Transcribe only what runs from the line containing "Fighter Ankle Support - red/white, JE-1508R" through the final line below, exactly, and leave every picture out.
----- DATASET CONTENT
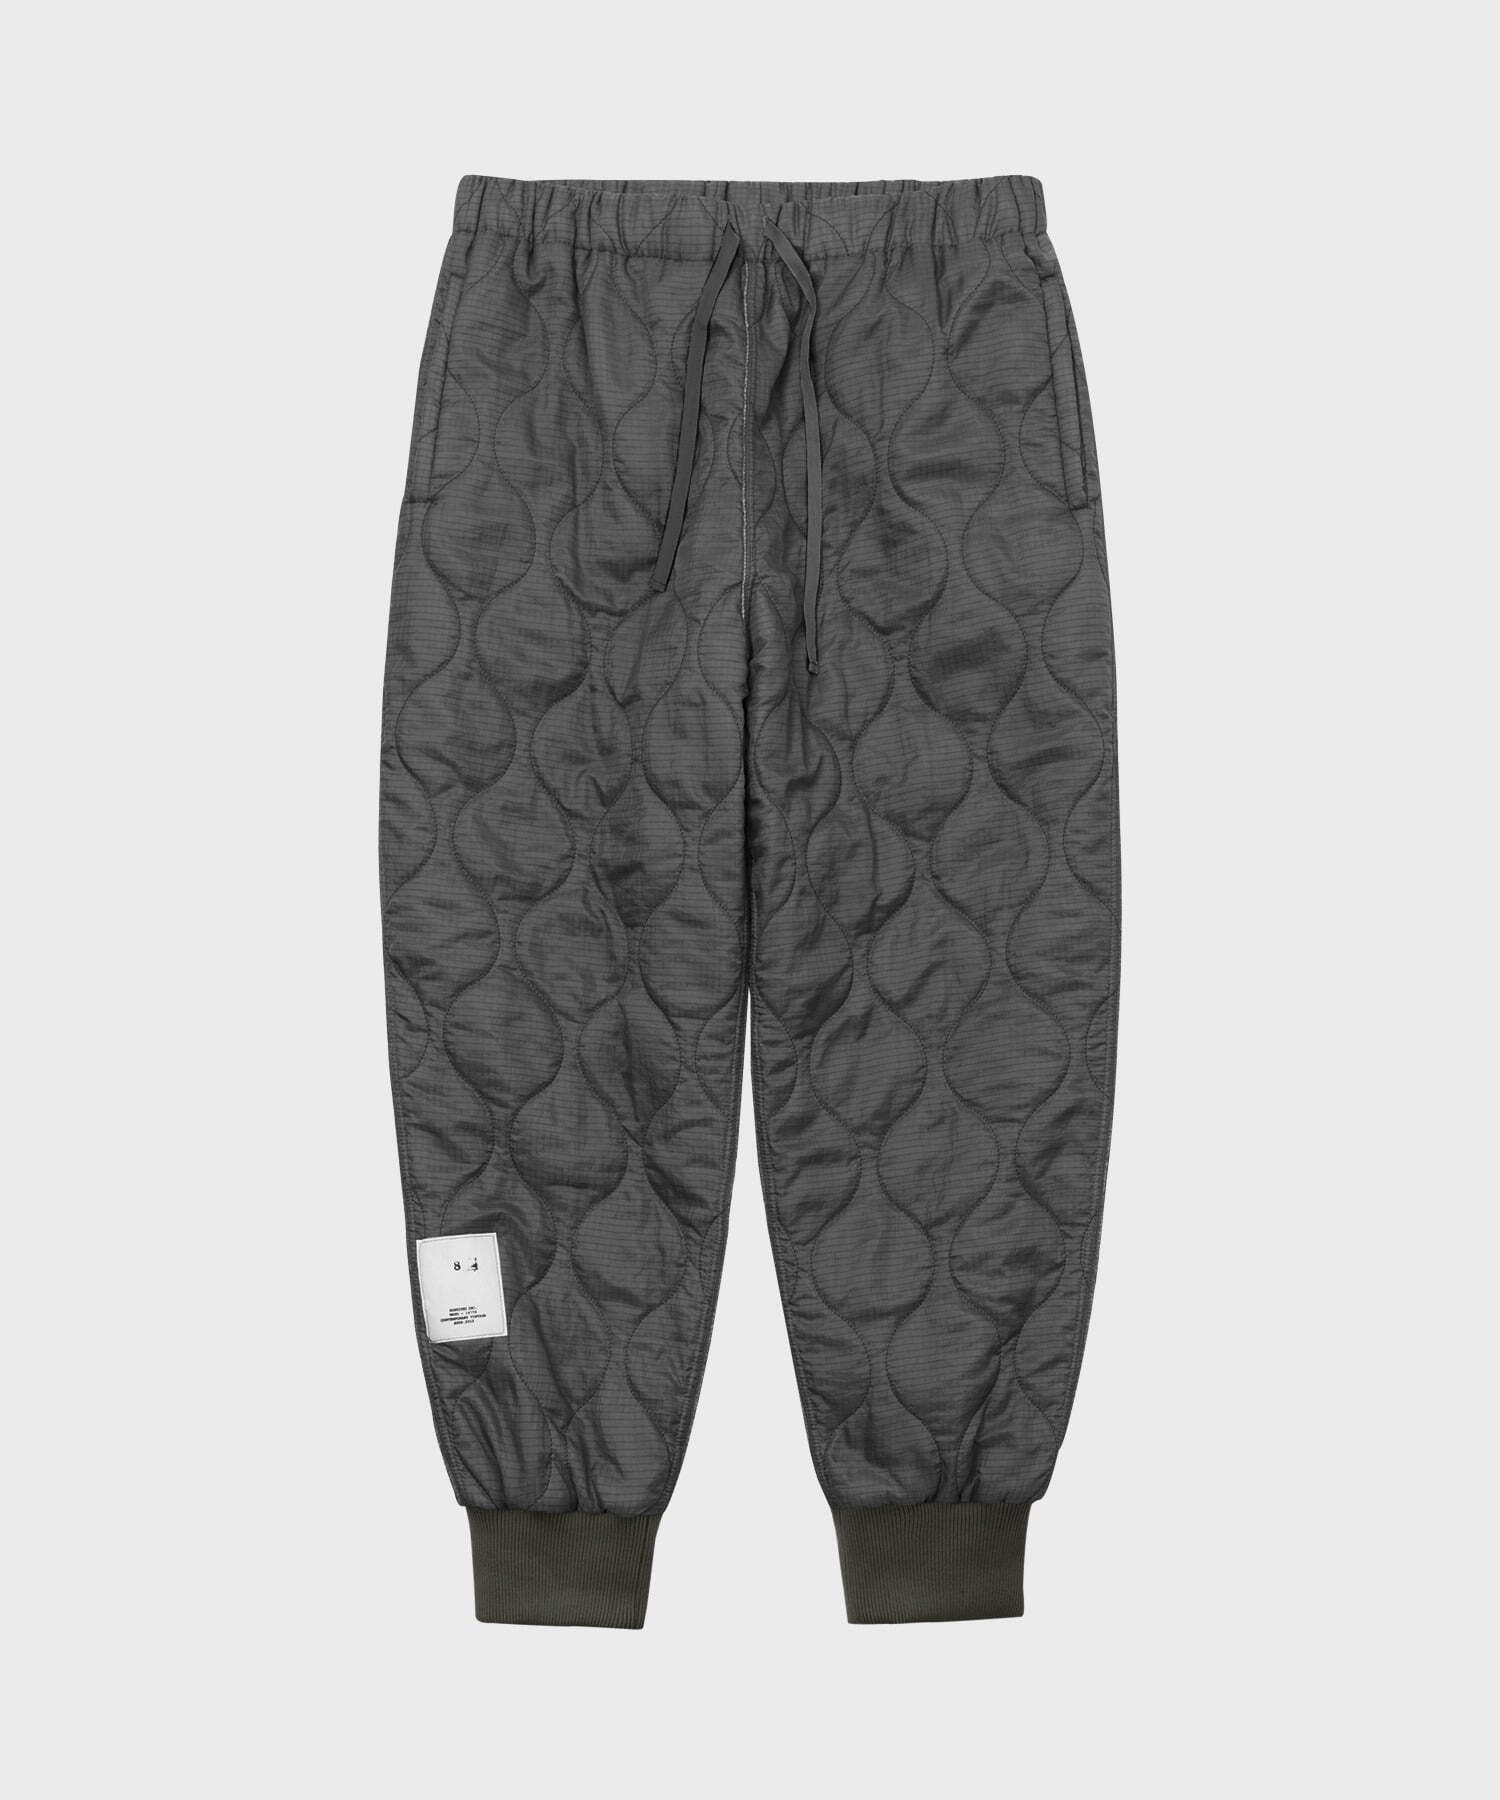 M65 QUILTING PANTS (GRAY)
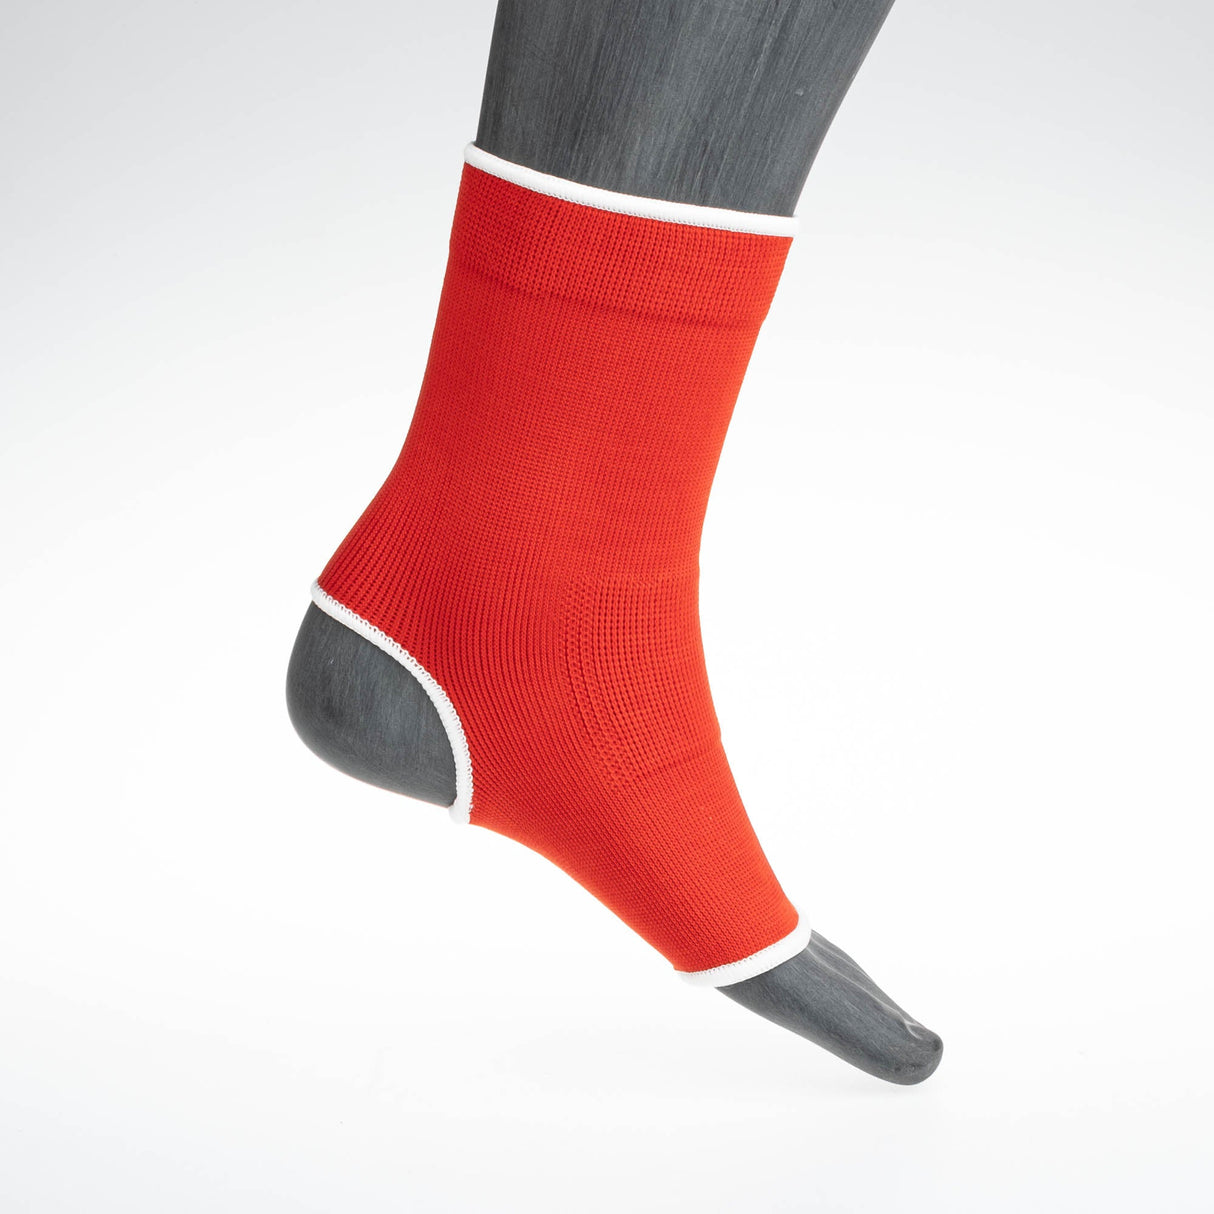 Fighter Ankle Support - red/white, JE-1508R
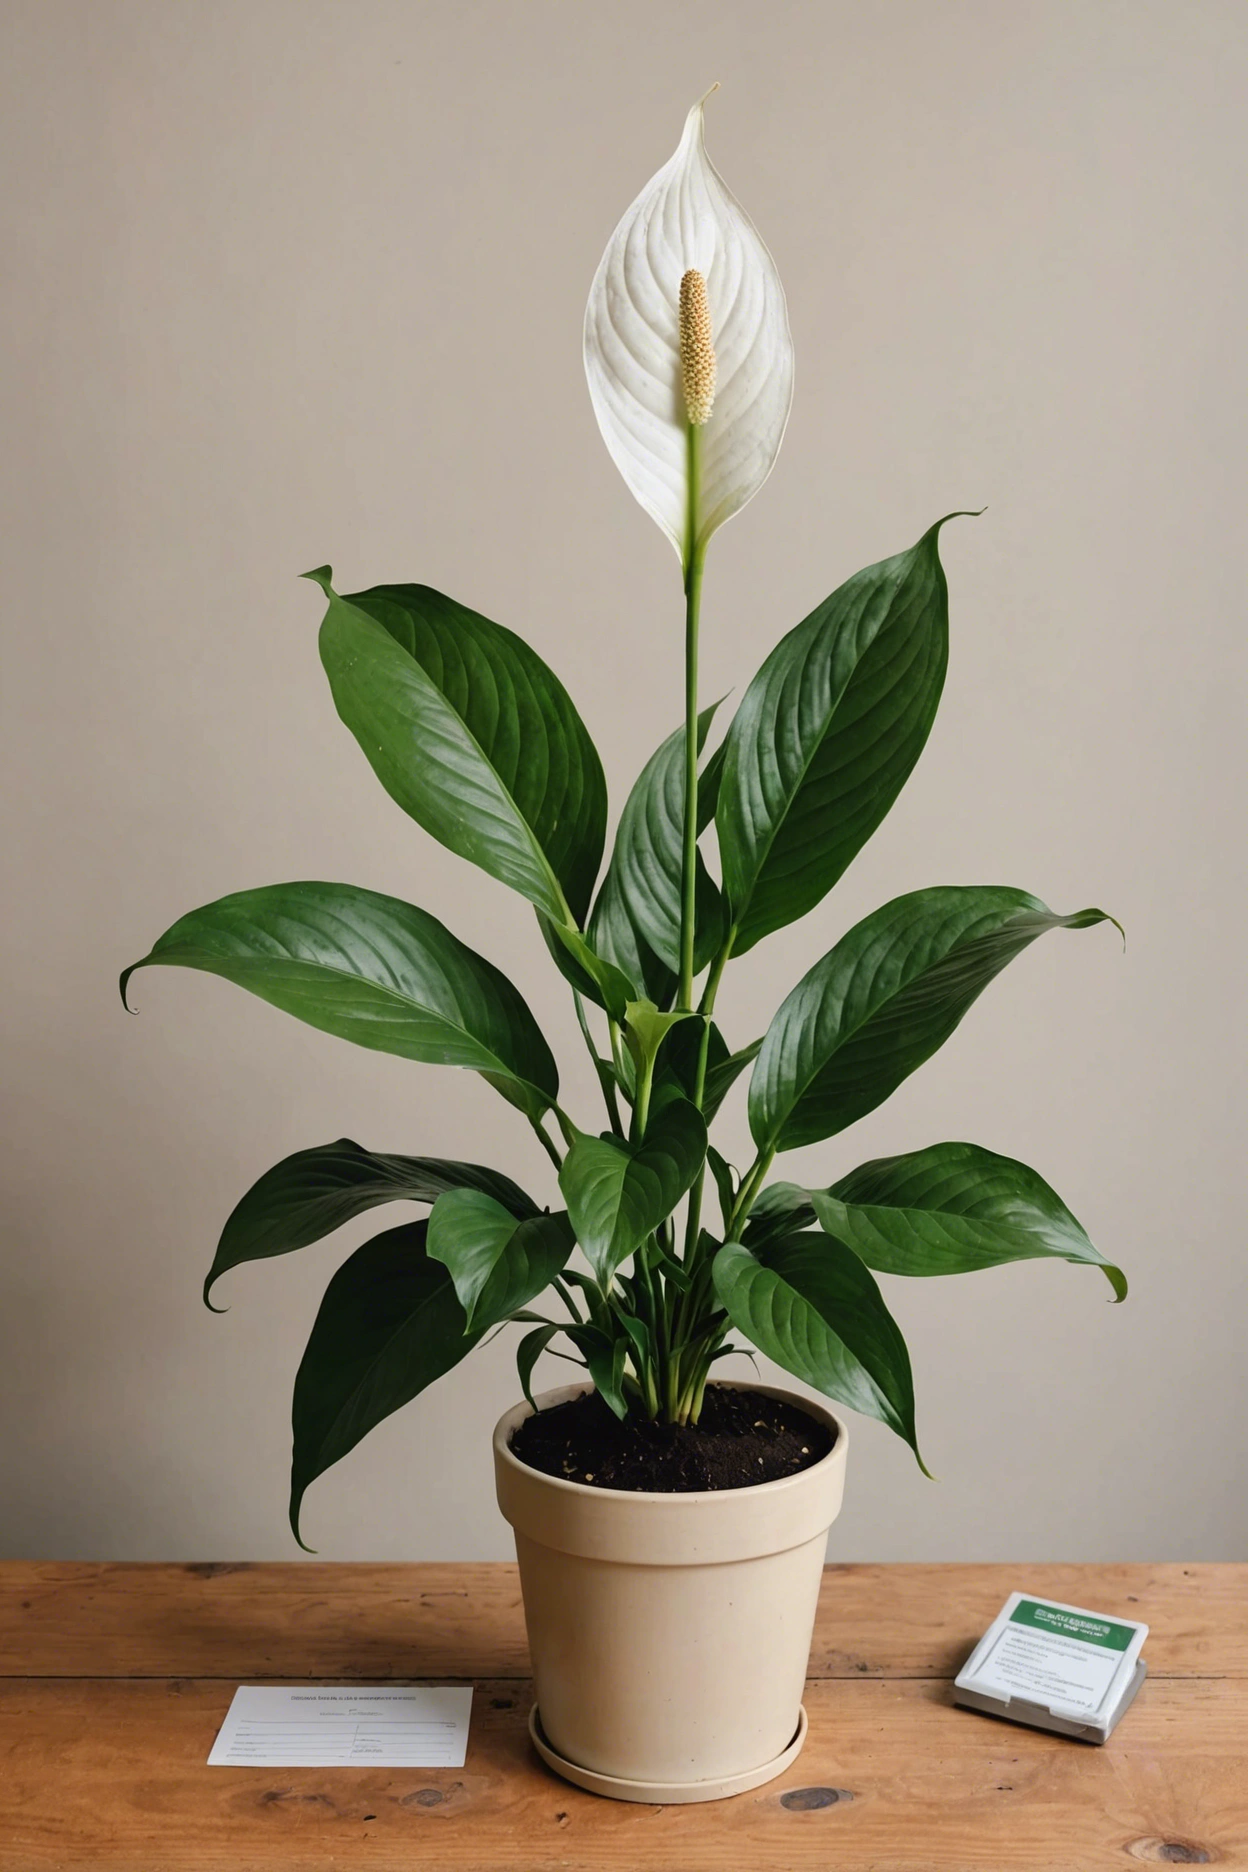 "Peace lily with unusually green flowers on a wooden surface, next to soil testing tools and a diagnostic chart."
----------
_THE COMPLETED TASK_
 Fighter Ankle Support - red/white, JE-1508R
 "Peace lily with unusually green flowers on a wooden surface, next to soil testing tools and a diagnostic chart."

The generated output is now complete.